As is clear from Table 1, according to the embodiment of the present invention, in the optical laminate in which a specific resin layer is disposed adjacent to the polarizer, the same configuration (components that do not include a retardation layer, or include a retardation layer) When compared with each other, cracking of the polarizer in a high temperature environment can be suppressed. Additionally, it can be seen that cracks become more noticeable by providing a phase difference layer. In addition, as is clear from Reference Examples 1 and 2, it can be seen that cracks become noticeable in the optical laminate in which a specific resin layer is disposed adjacent to the polarizer.

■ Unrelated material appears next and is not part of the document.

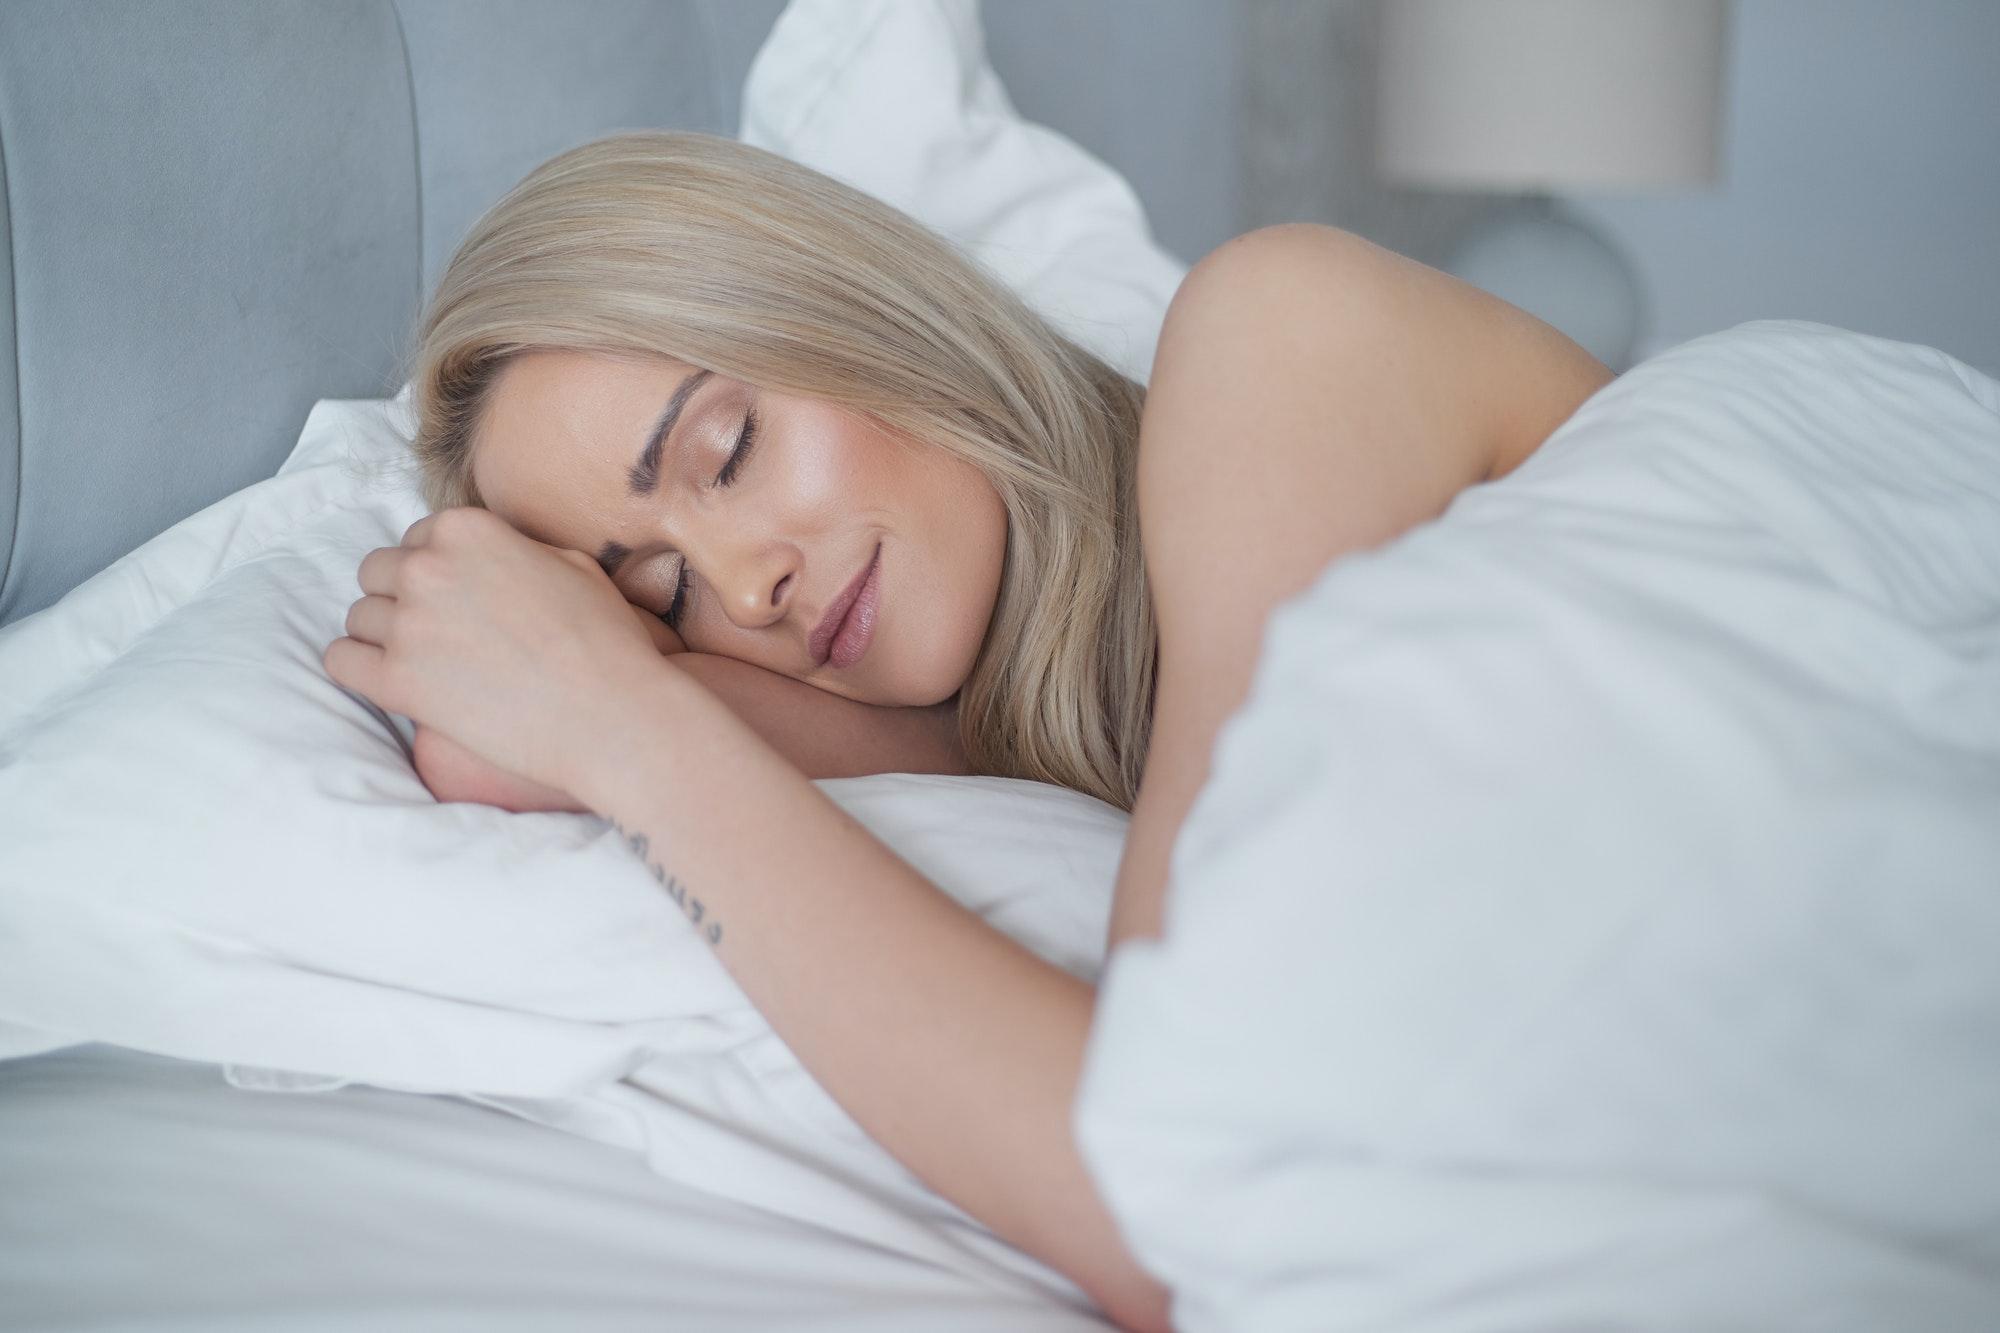 Young beautiful blonde woman sleeping in her bedroom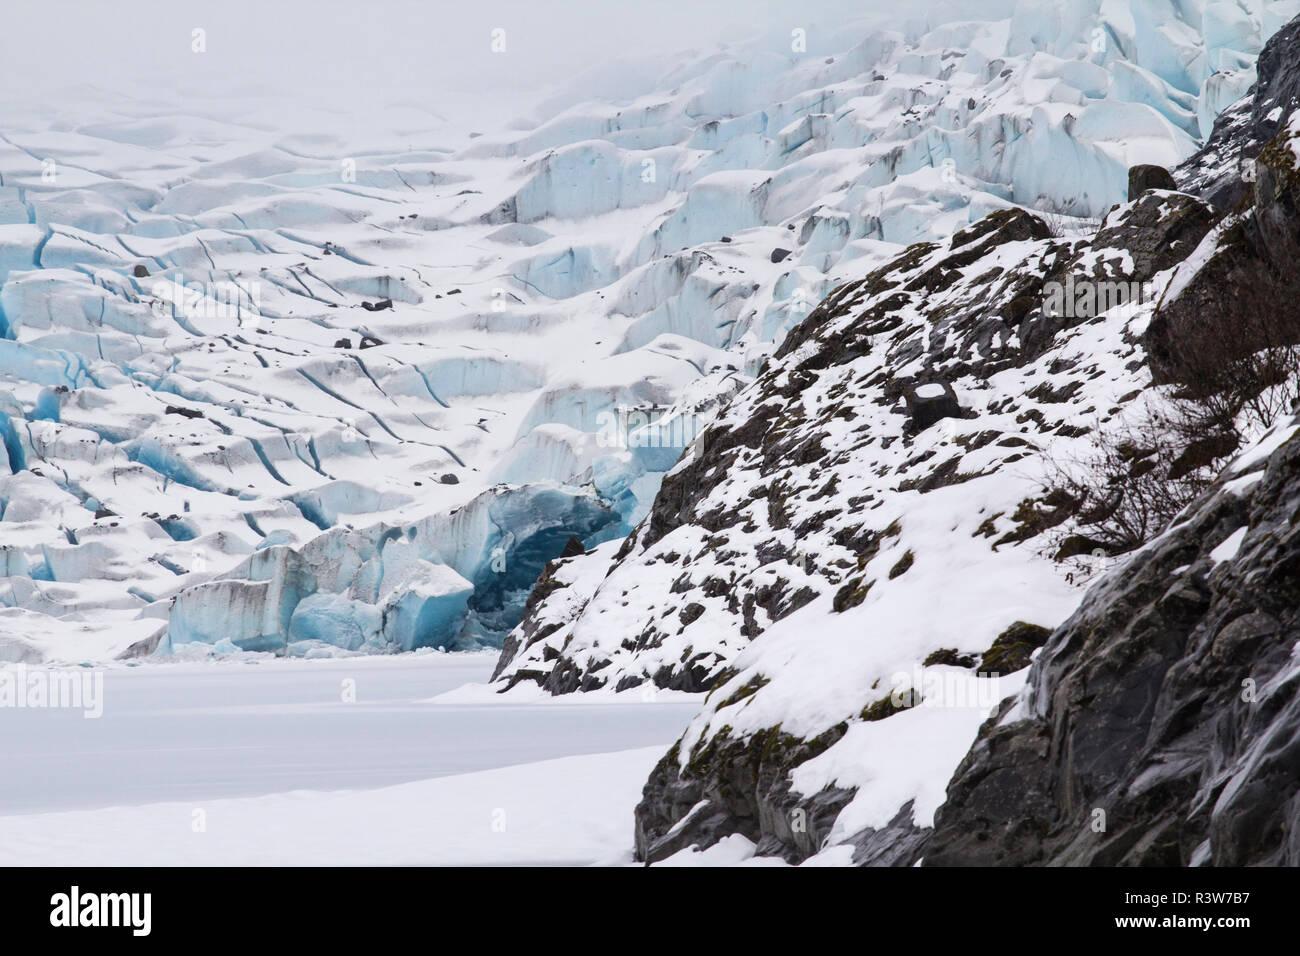 USA, Alaska. A close up view of Mendenhall Glacier and Mendenhall Lake in winter. - Stock Image

The optical laminate according to the embodiment of the present invention can be suitably used in an image display device (typically a liquid crystal display device or an organic EL display device).

10: Polarizer
11: Polarizer
12: protective layer
20: Resin layer
30: Phase contrast layer
40: Other phase contrast layer
50: first adhesive layer
60: Second adhesive layer
100: Optical laminate
101: Optical laminate

Claims (12)

A polarizing plate including a polarizer and a protective layer disposed on one side of the polarizer, a resin layer disposed adjacent to the polarizer, and a first adhesive layer disposed as an outermost layer on the resin layer side,
The shrinkage rate of the polarizer in the absorption axis direction is 2.5% or less,
The thickness of the first adhesive layer is 17㎛ or less, and the storage modulus at 23°C is 0.10MPa or more,
Optical laminate. According to paragraph 1,
On the side opposite to the polarizer of the resin layer, it further includes a retardation layer laminated through a second adhesive layer,
The retardation layer has a circular polarization function or an elliptical polarization function,
The thickness of the second adhesive layer is 7 μm or less, and the storage modulus at 23° C. is 0.12 MPa or more,
Optical laminate. According to paragraph 2,
When the total thickness of the polarizer and the protective layer is set to A (㎛), and the total thickness of the resin layer, the second adhesive layer, the retardation layer, and the first adhesive layer is set to B (㎛), A < An optical laminate that satisfies the relationship B. According to paragraph 3,
The retardation layer is composed of a stretched resin film, its Re (550) is 100 nm to 200 nm, satisfies the relationship of Re (450) < Re (550), and the slow axis of the retardation layer and the polarizer are Optical laminates where the absorption axis angle is between 40° and 50°:
(Here, Re(450) and Re(550) are the in-plane retardation measured with light with a wavelength of 450 nm and 550 nm at 23°C, respectively.) According to paragraph 4,
An optical laminate further comprising another retardation layer on the side opposite to the resin layer of the retardation layer, the refractive index characteristic exhibiting the relationship nz>nx=ny. According to paragraph 1,
An optical laminate wherein the resin layer includes a resin having a glass transition temperature of 85° C. or higher and a weight average molecular weight (Mw) of 25,000 or higher. According to clause 6,
An optical laminate wherein the resin layer has an indentation elastic modulus of 8 GPa or more. In clause 7,
An optical laminate wherein the resin layer has a thickness of 1 μm or less. According to clause 8,
An optical laminate in which the thickness of the polarizer is 8 μm or less, the indentation elastic modulus is 9.5 GPa or less, and the indentation hardness is 0.65 GPa or more. According to clause 9,
An optical laminate wherein the polarizer has an orientation function of 0.30 or more. According to paragraph 1,
An optical laminate wherein the shrinkage rate of the polarizer in the absorption axis direction is 2.0% or less. An image display device comprising an image display panel and the optical laminated body according to any one of claims 1 to 11 bonded to the image display panel via the first adhesive layer.